BEGIN Material provided
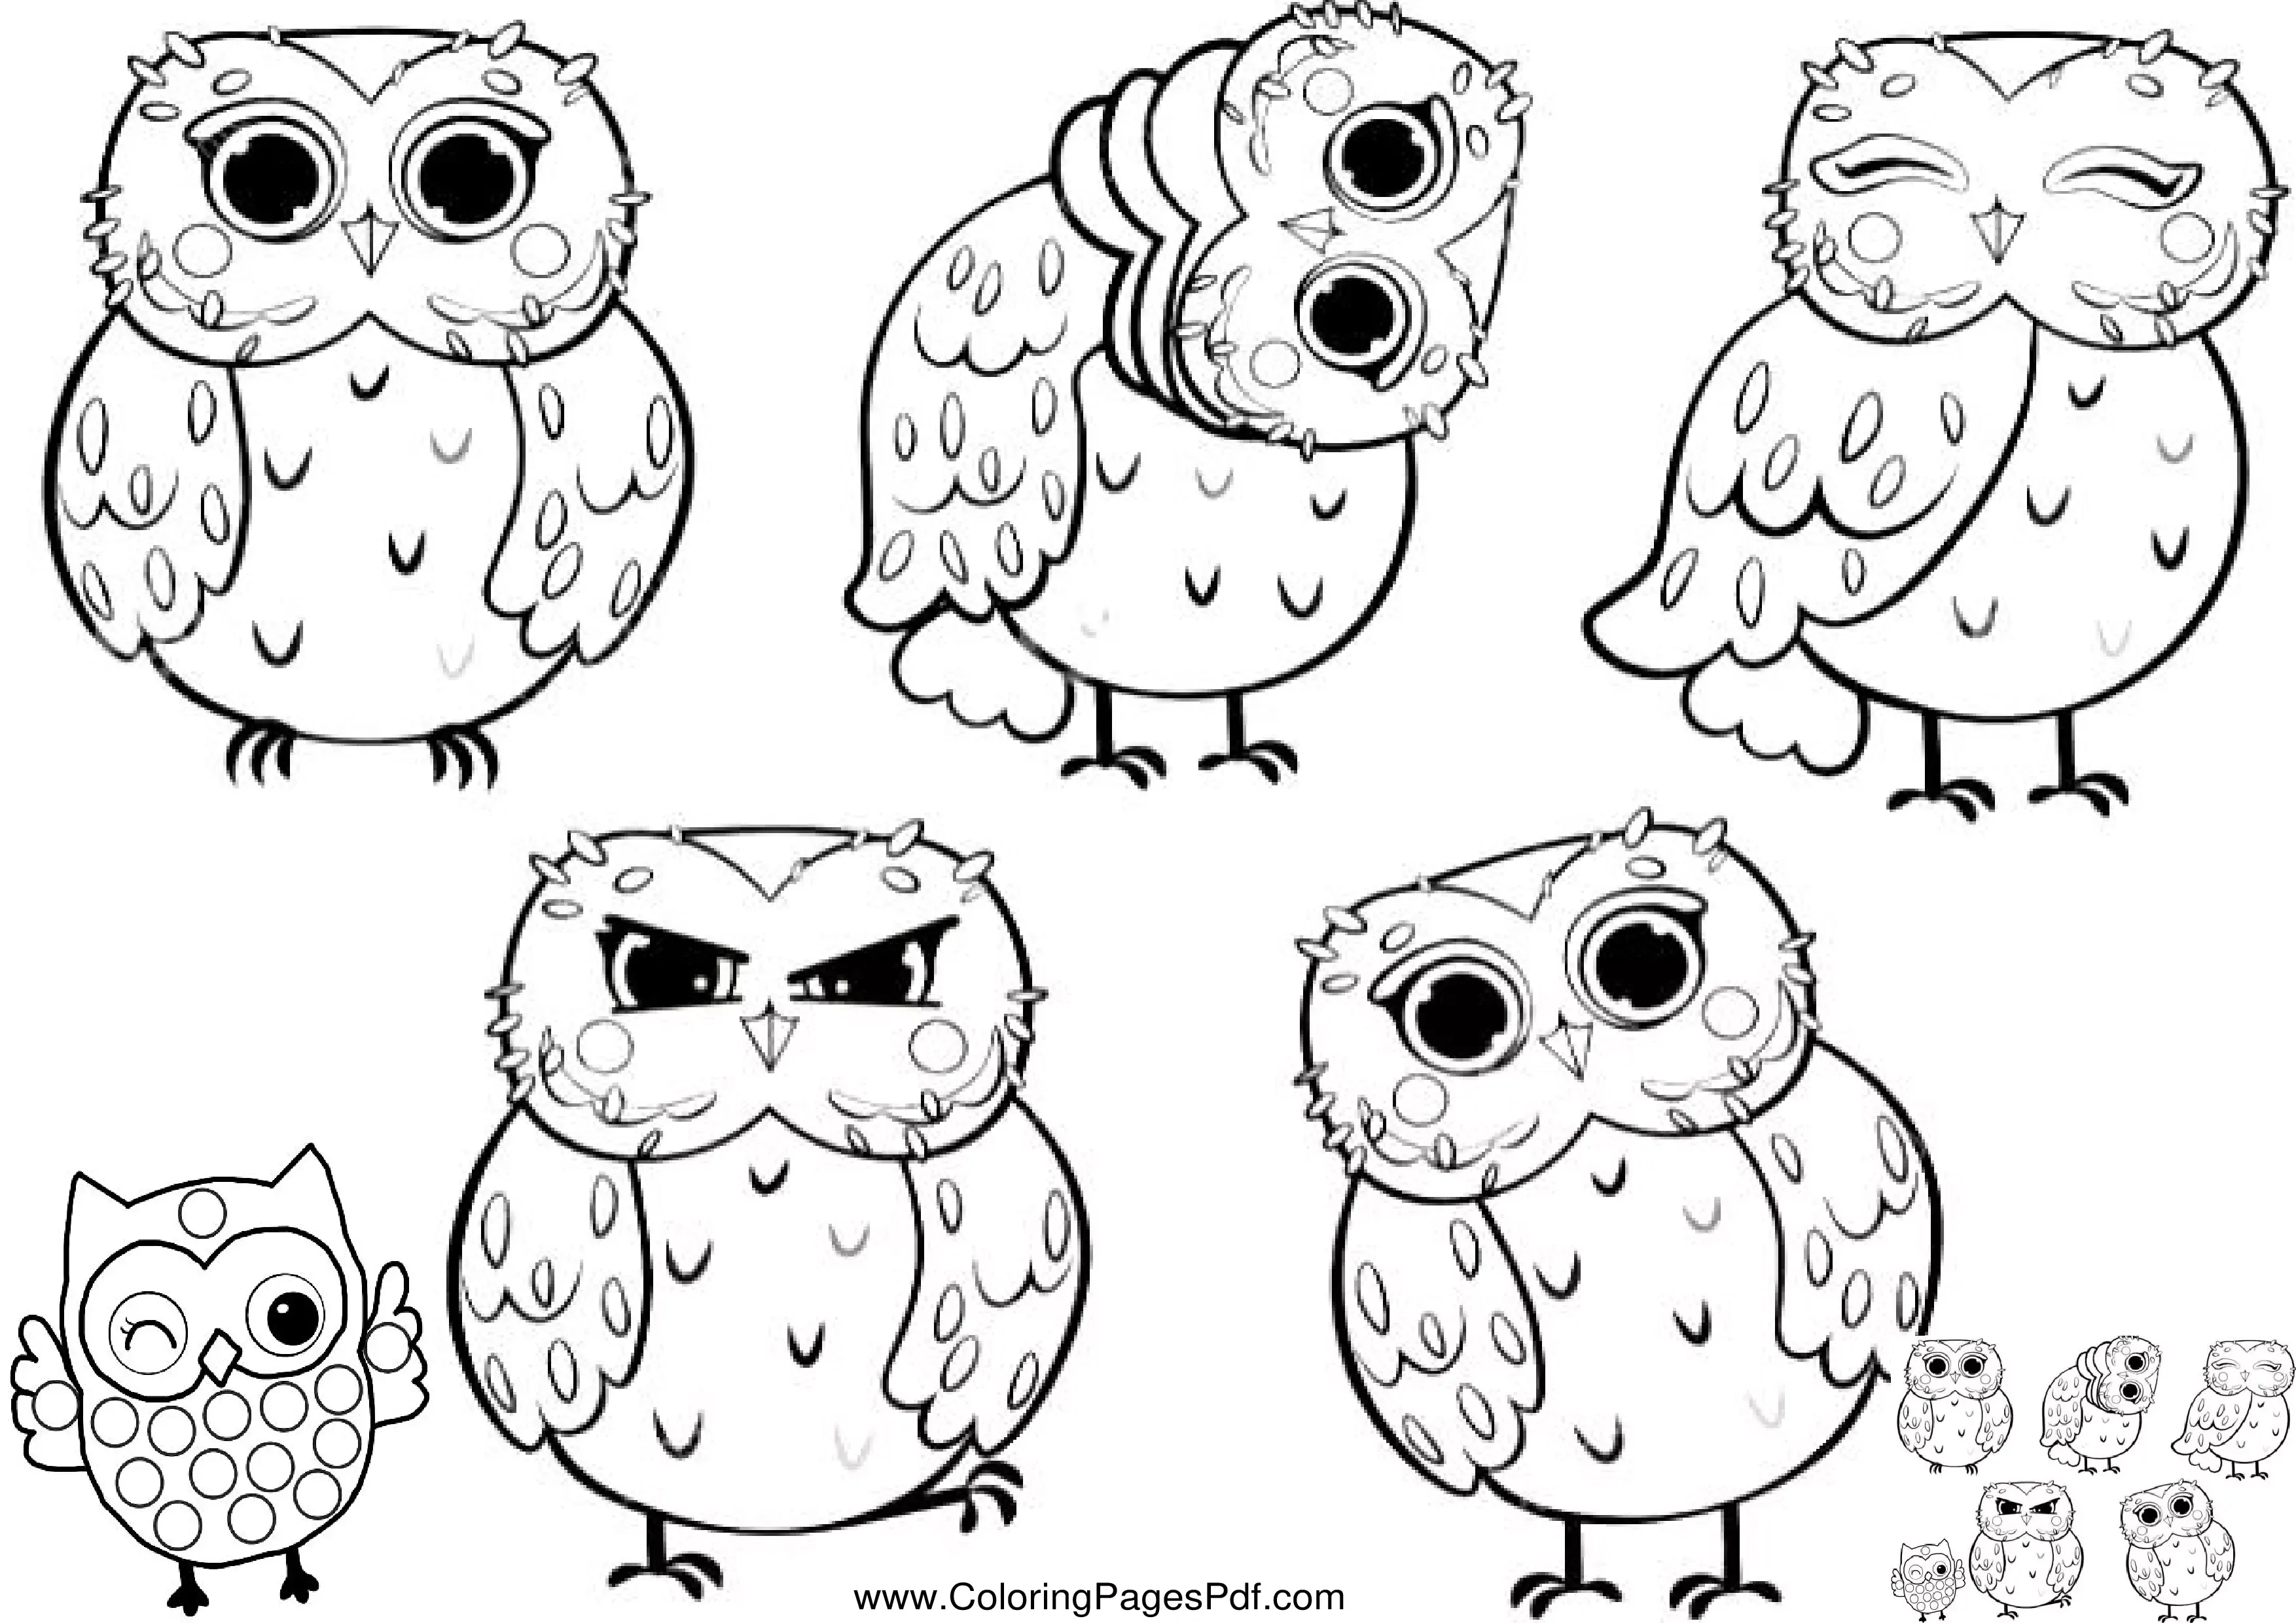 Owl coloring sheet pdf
END Material provided
BEGIN Material provided
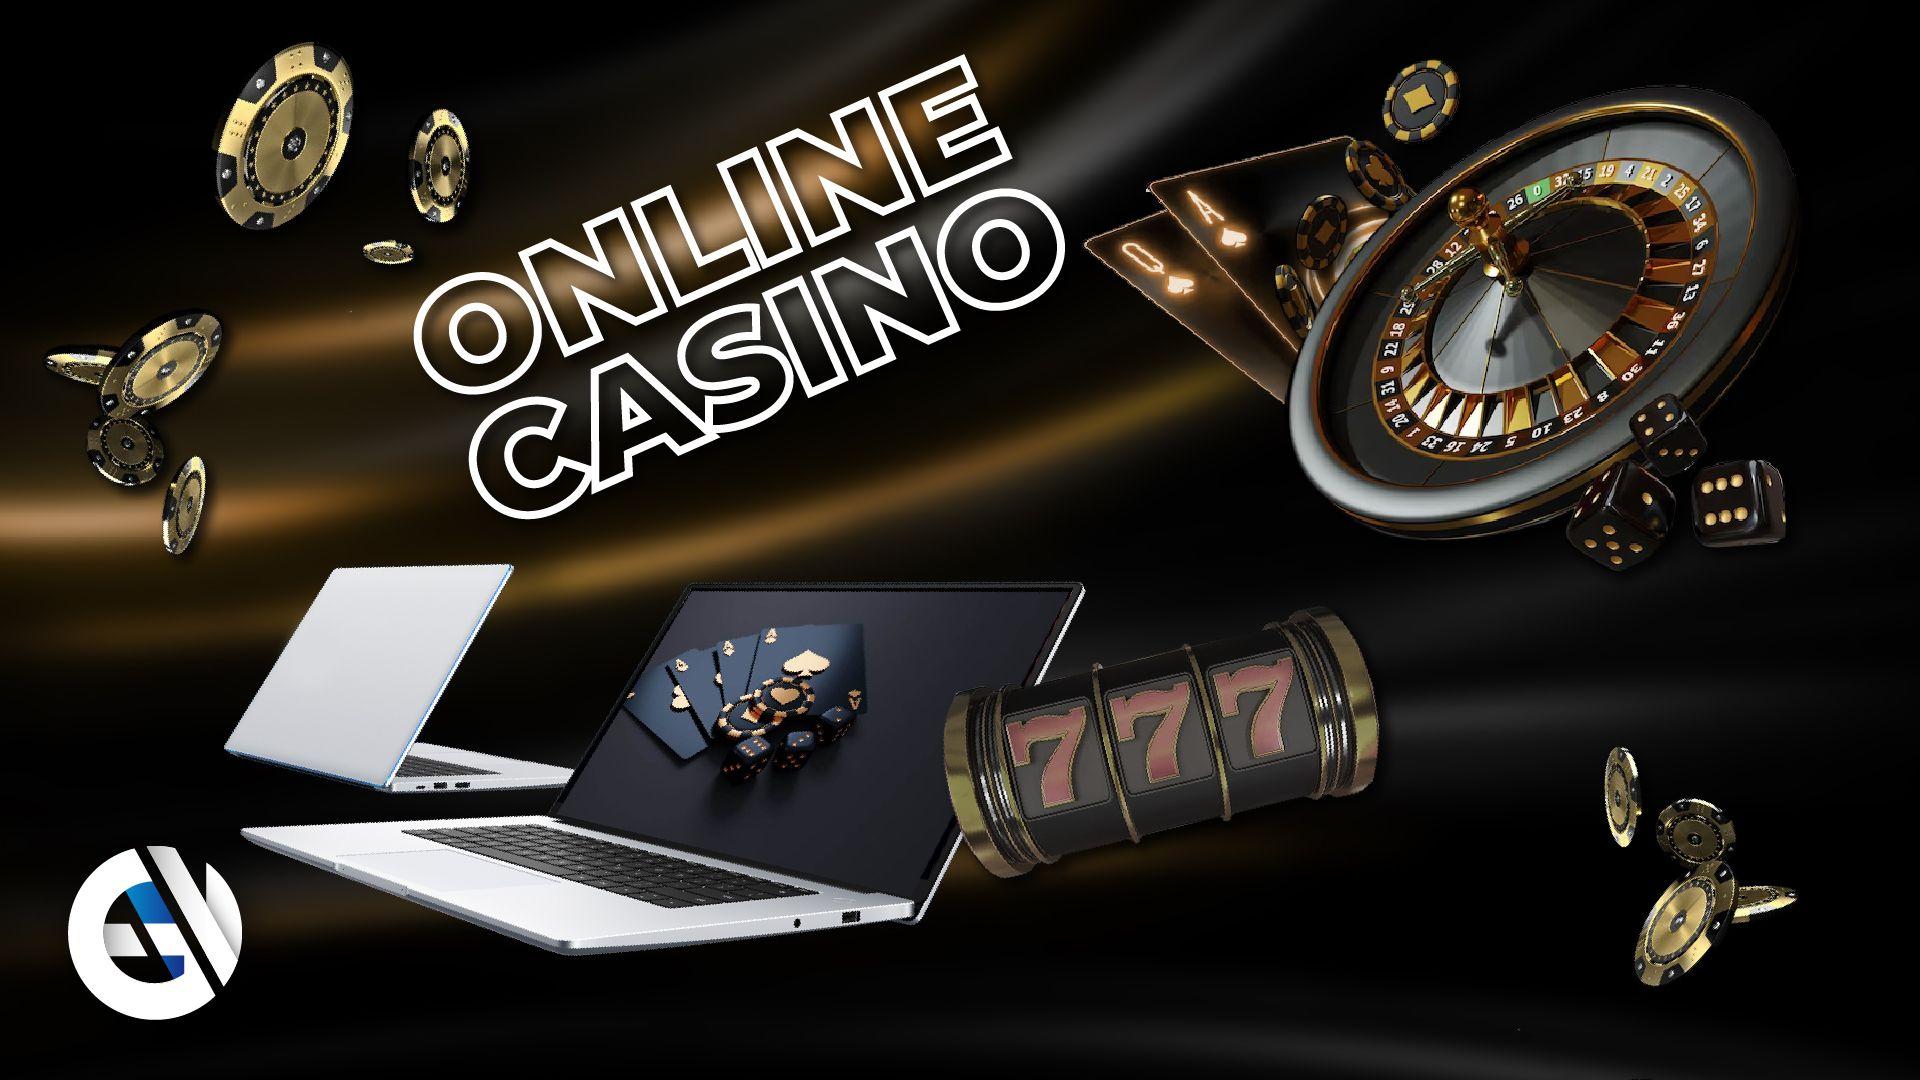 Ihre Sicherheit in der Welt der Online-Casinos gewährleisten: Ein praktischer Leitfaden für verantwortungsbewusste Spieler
END Material provided
BEGIN Material provided
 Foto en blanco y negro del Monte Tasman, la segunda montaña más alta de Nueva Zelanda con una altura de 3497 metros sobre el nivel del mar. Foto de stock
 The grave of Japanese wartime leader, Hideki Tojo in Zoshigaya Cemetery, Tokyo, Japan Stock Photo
END Material provided
Assignment => All lines above between those holding "Foto en blanco" and "The grave of", inclusive, must be set down unchanged, and no other line may be included.

Solution to the exercise =>
 Foto en blanco y negro del Monte Tasman, la segunda montaña más alta de Nueva Zelanda con una altura de 3497 metros sobre el nivel del mar. Foto de stock
 The grave of Japanese wartime leader, Hideki Tojo in Zoshigaya Cemetery, Tokyo, Japan Stock Photo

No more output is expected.